Dataset excerpts
::::

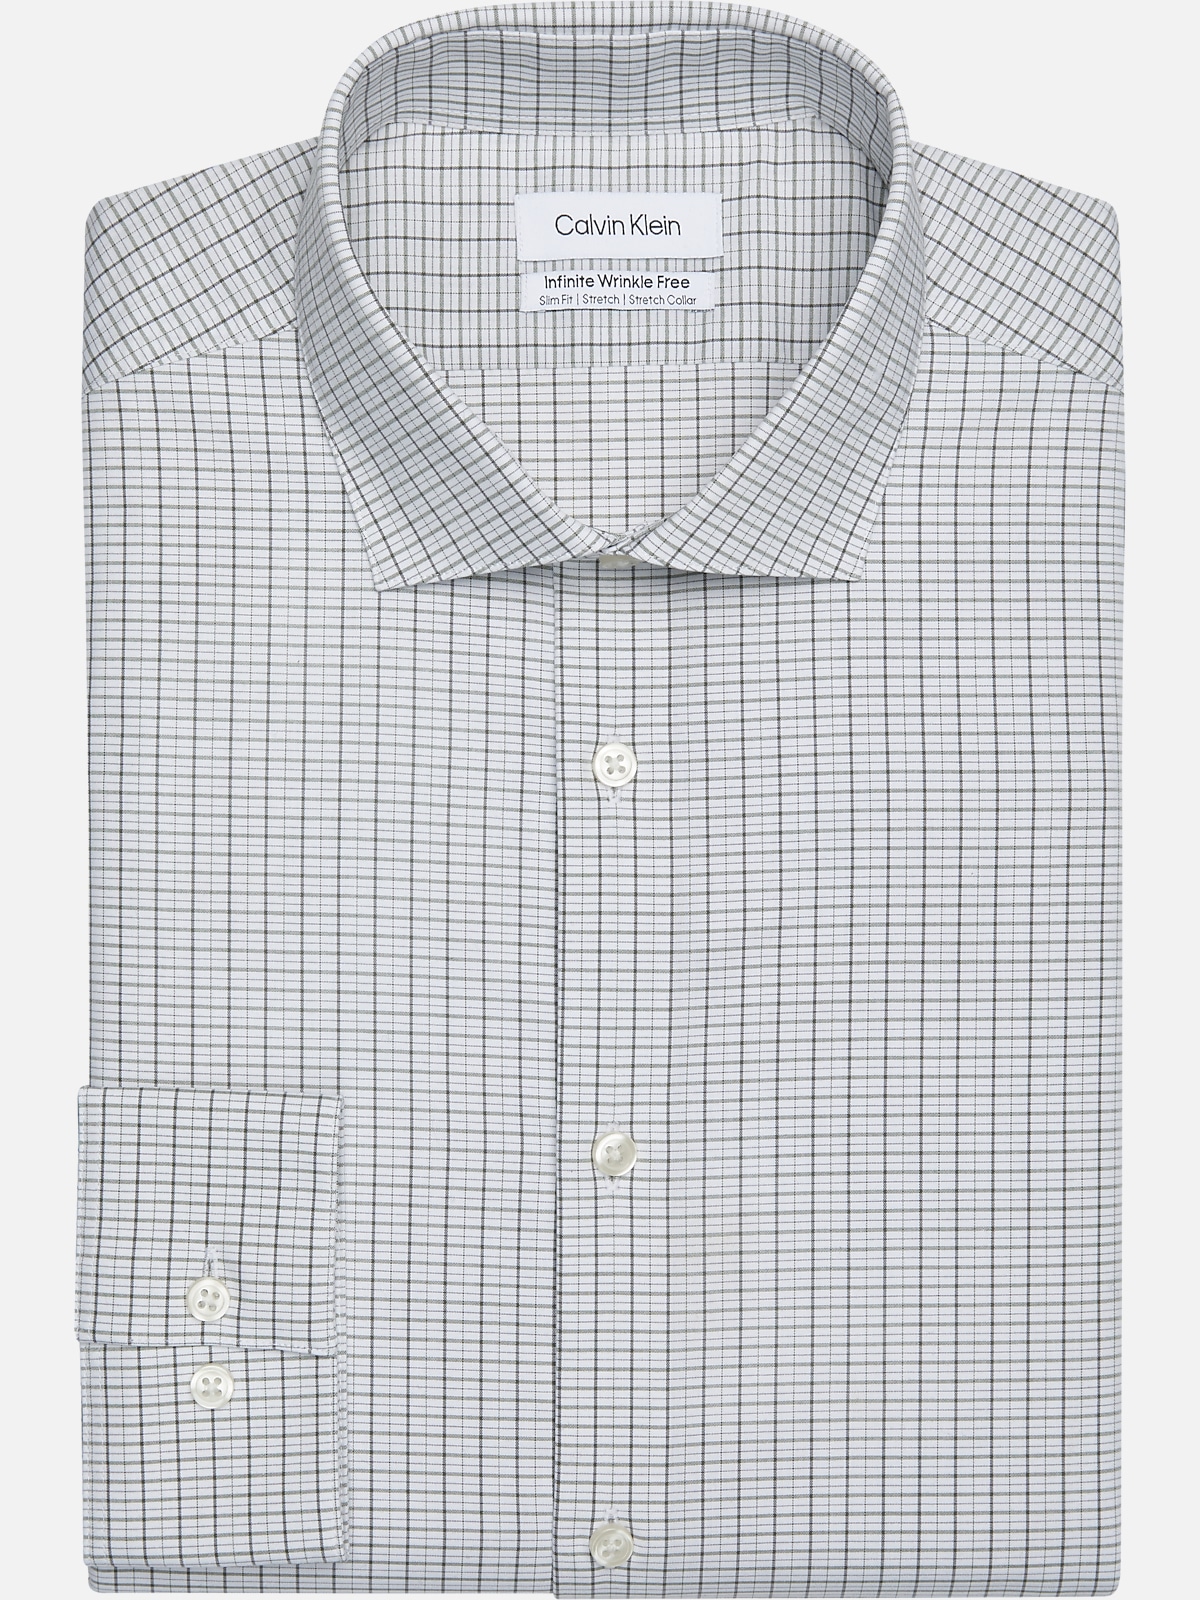 Calvin Klein Infinite Wrinkle Free Slim Fit Stretch Collar Grid Dress Shirt  | Clearance Dress Shirts| Men's Wearhouse
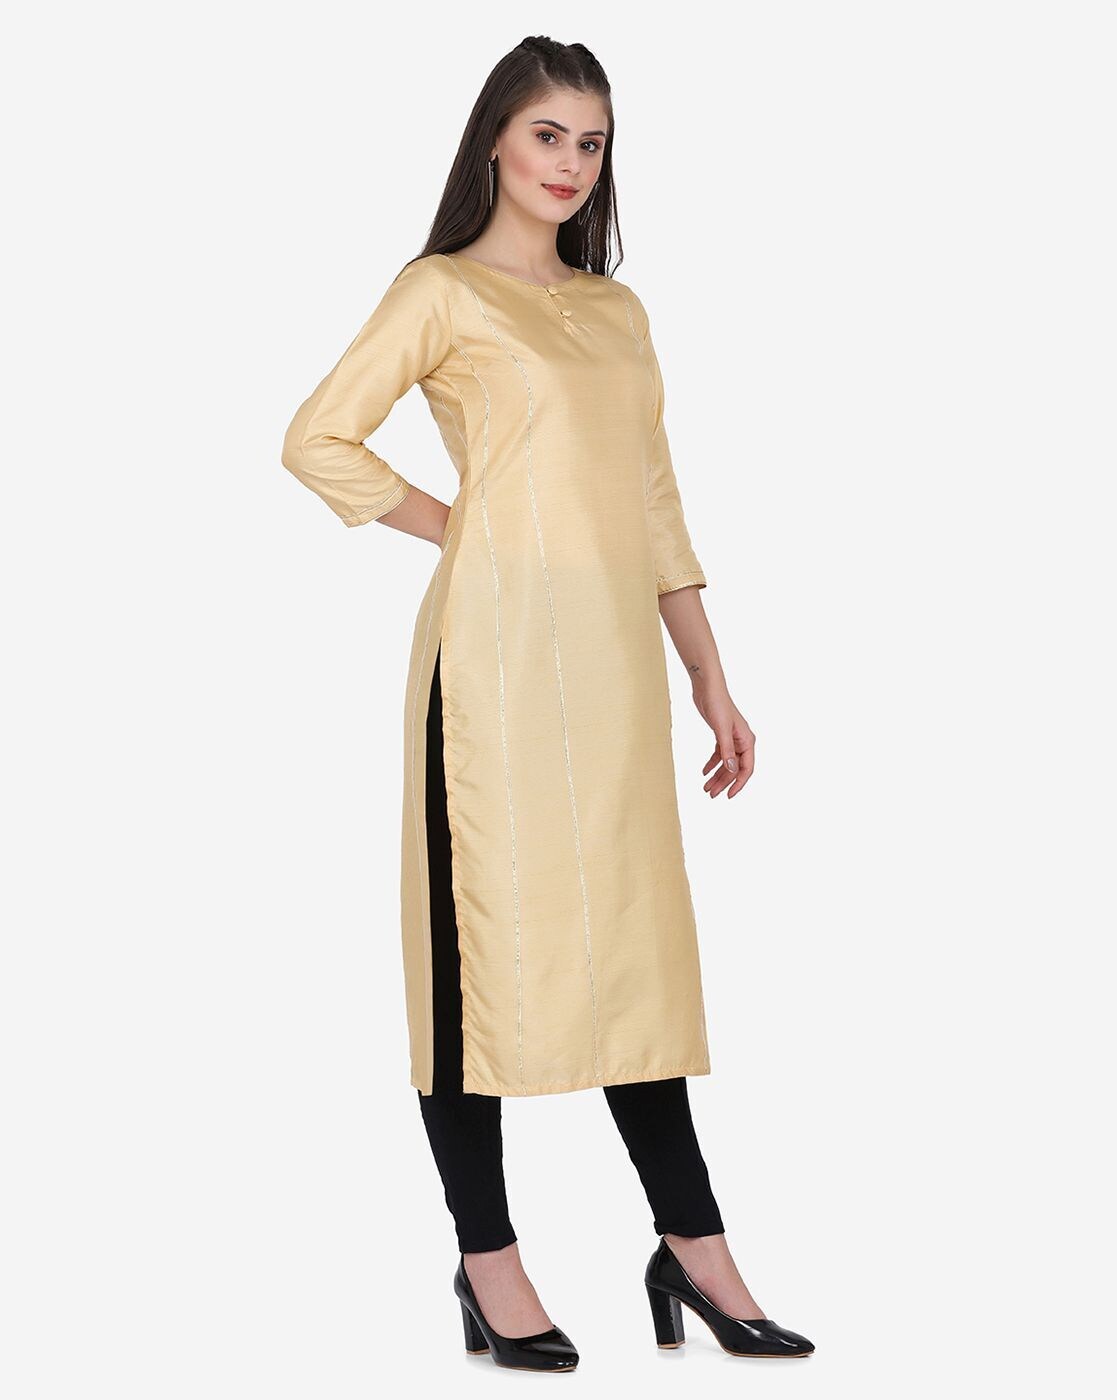 Popular $39 - $52 - Cream Silk Kurti and Cream Silk Tunic Online Shopping
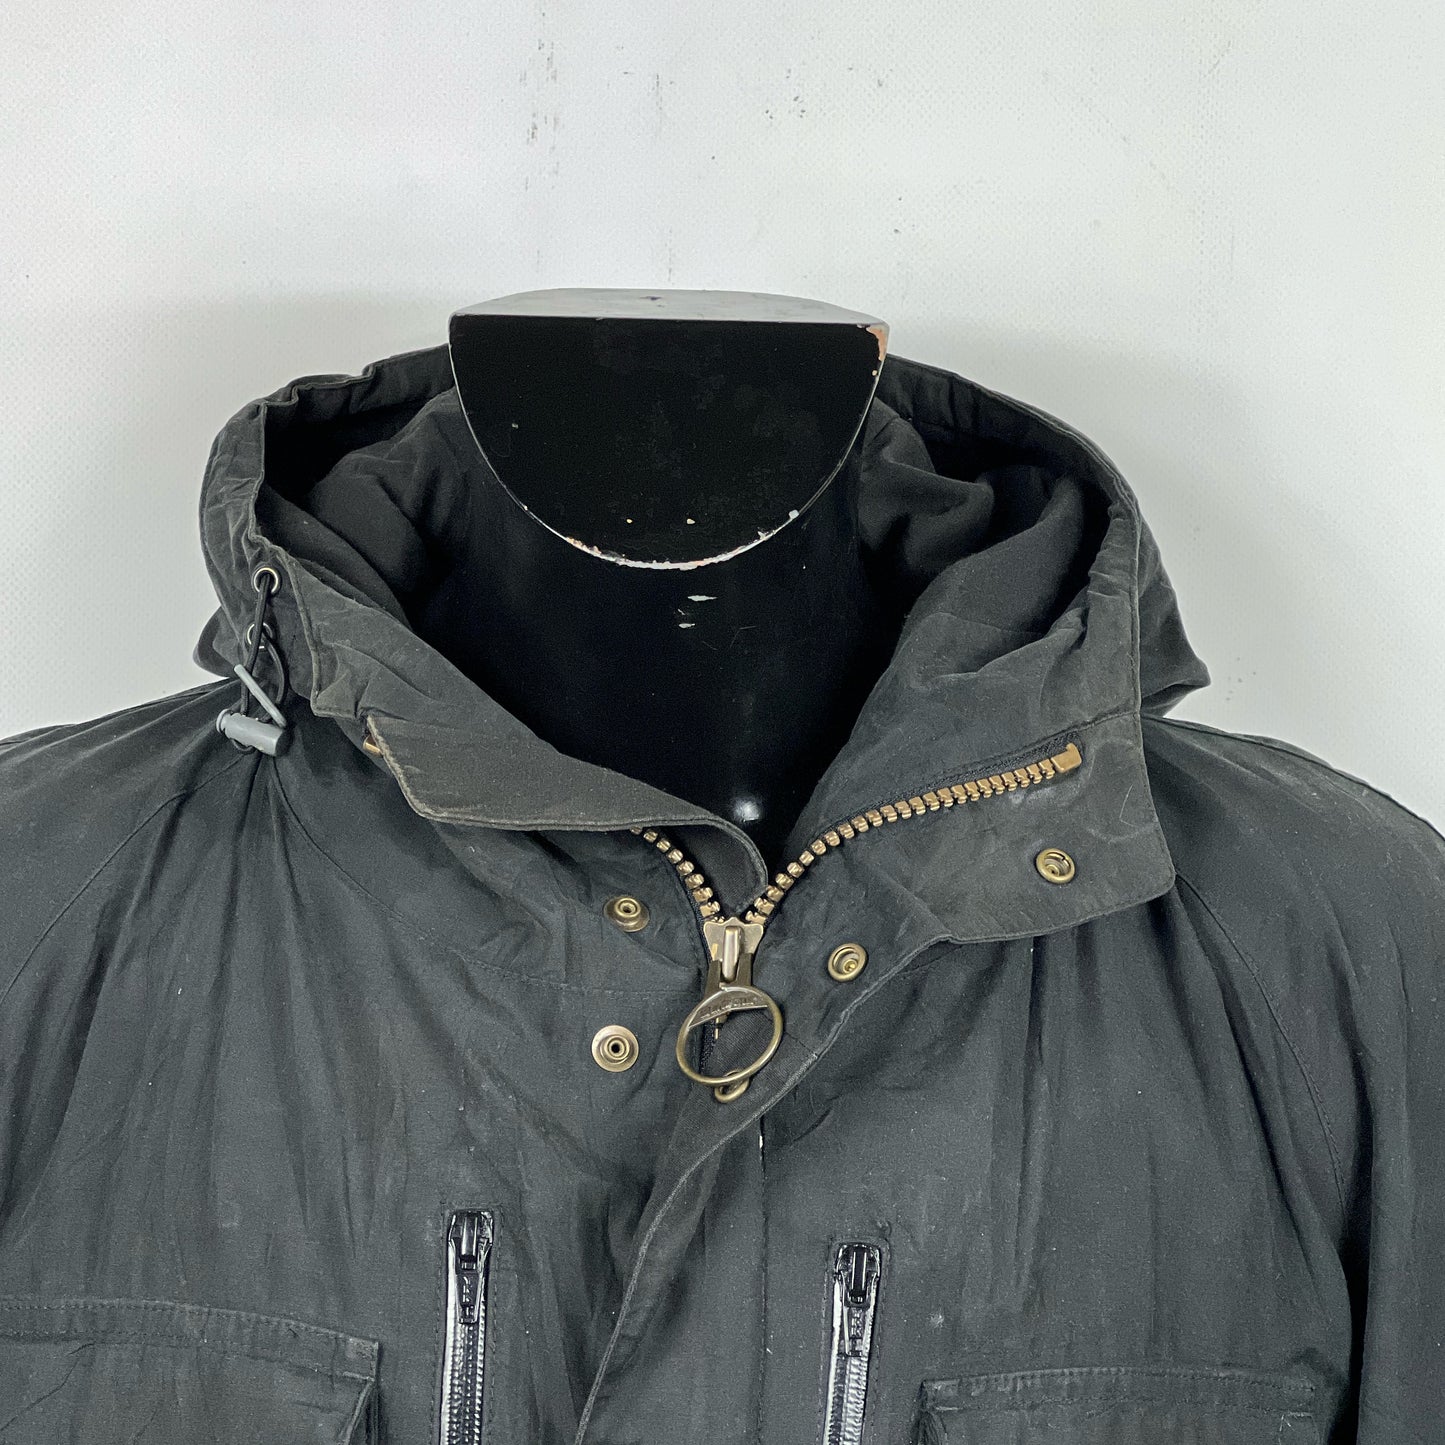 Giacca Barbour Dept B nera Galbi wax jacket Medium-Black Dept B wax jacket size M
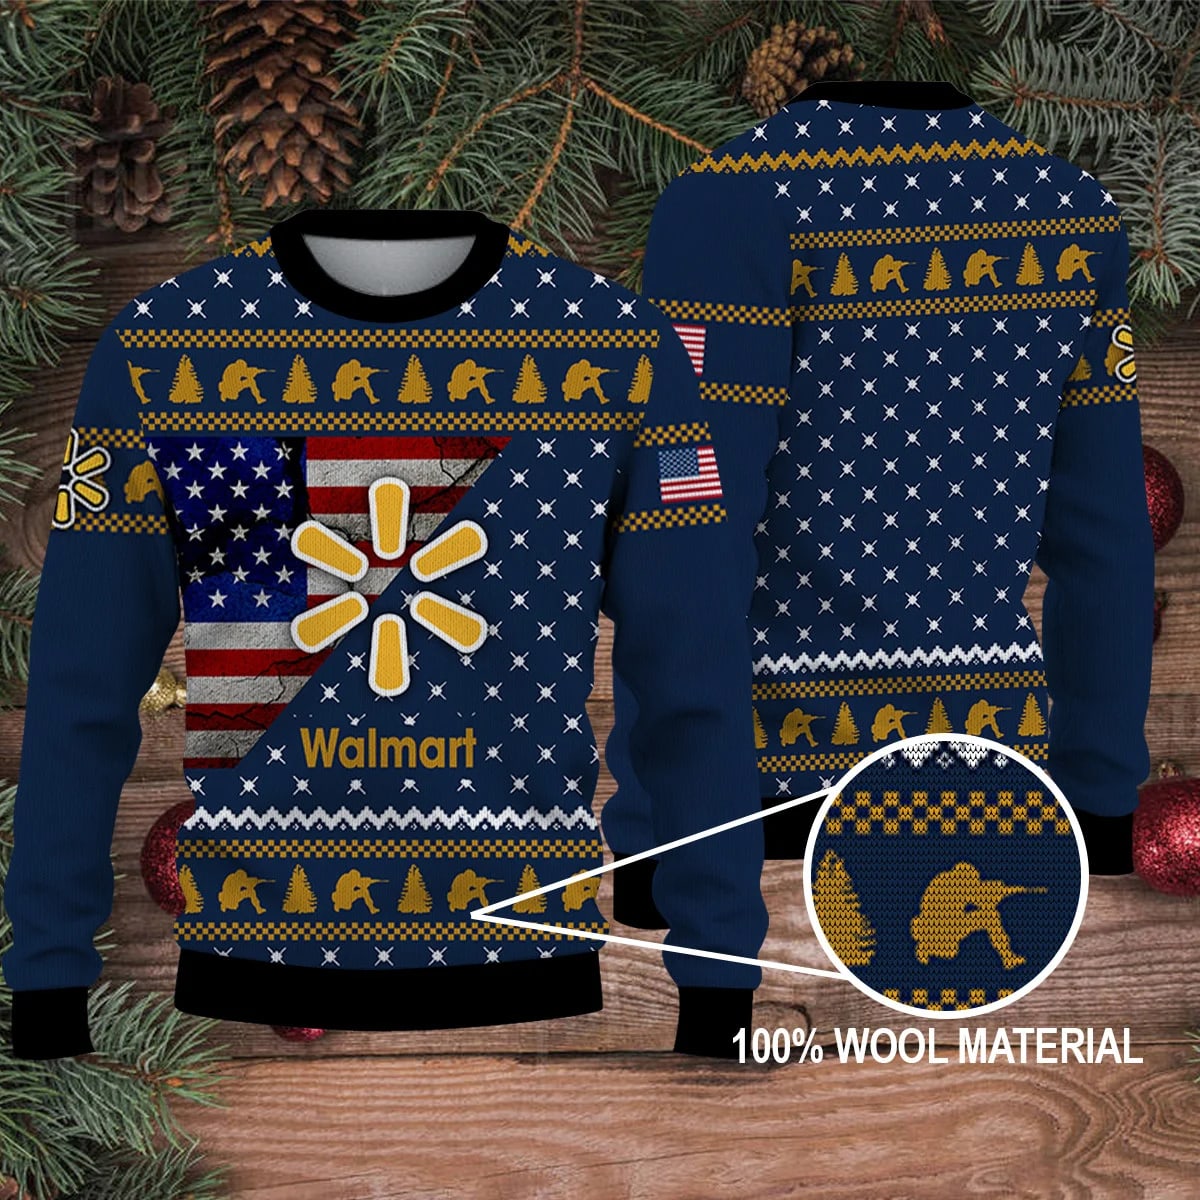 Merry Christmas 2023 Ugly Sweater Walmart Dlioir.jpg
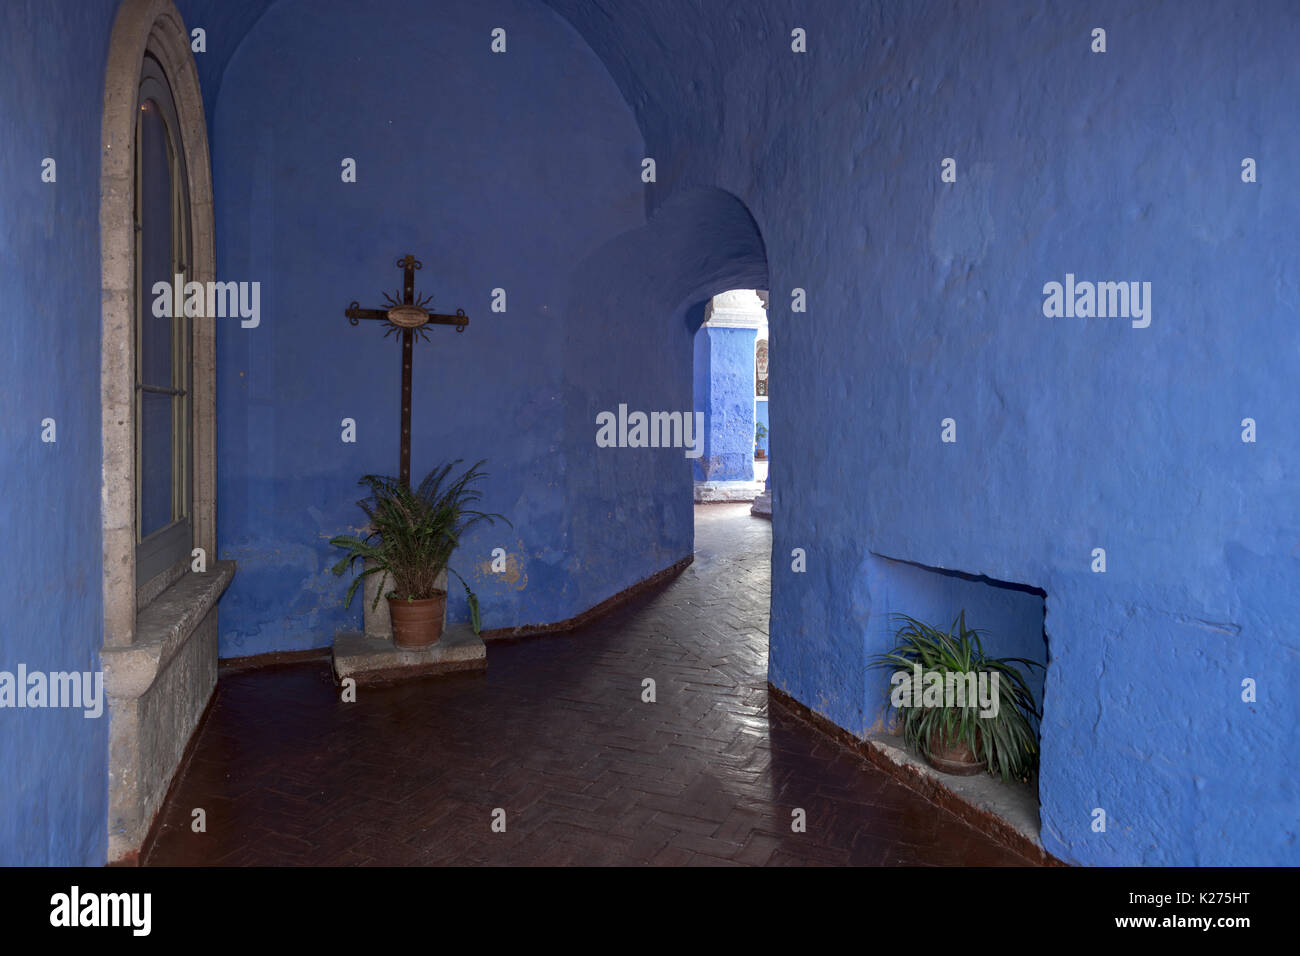 Convento de Santa Catalina (Convent of St. Catherine) 1579 cloisters Arequipa Peru Stock Photo

::::

Exercise instructions: Repeat the data exactly. No pictures should appear.

Solved problem:
 Calvin Klein Infinite Wrinkle Free Slim Fit Stretch Collar Grid Dress Shirt  | Clearance Dress Shirts| Men's Wearhouse
 Popular $39 - $52 - Cream Silk Kurti and Cream Silk Tunic Online Shopping
 Giacca Barbour Dept B nera Galbi wax jacket Medium-Black Dept B wax jacket size M
 Merry Christmas 2023 Ugly Sweater Walmart Dlioir.jpg
 Convento de Santa Catalina (Convent of St. Catherine) 1579 cloisters Arequipa Peru Stock Photo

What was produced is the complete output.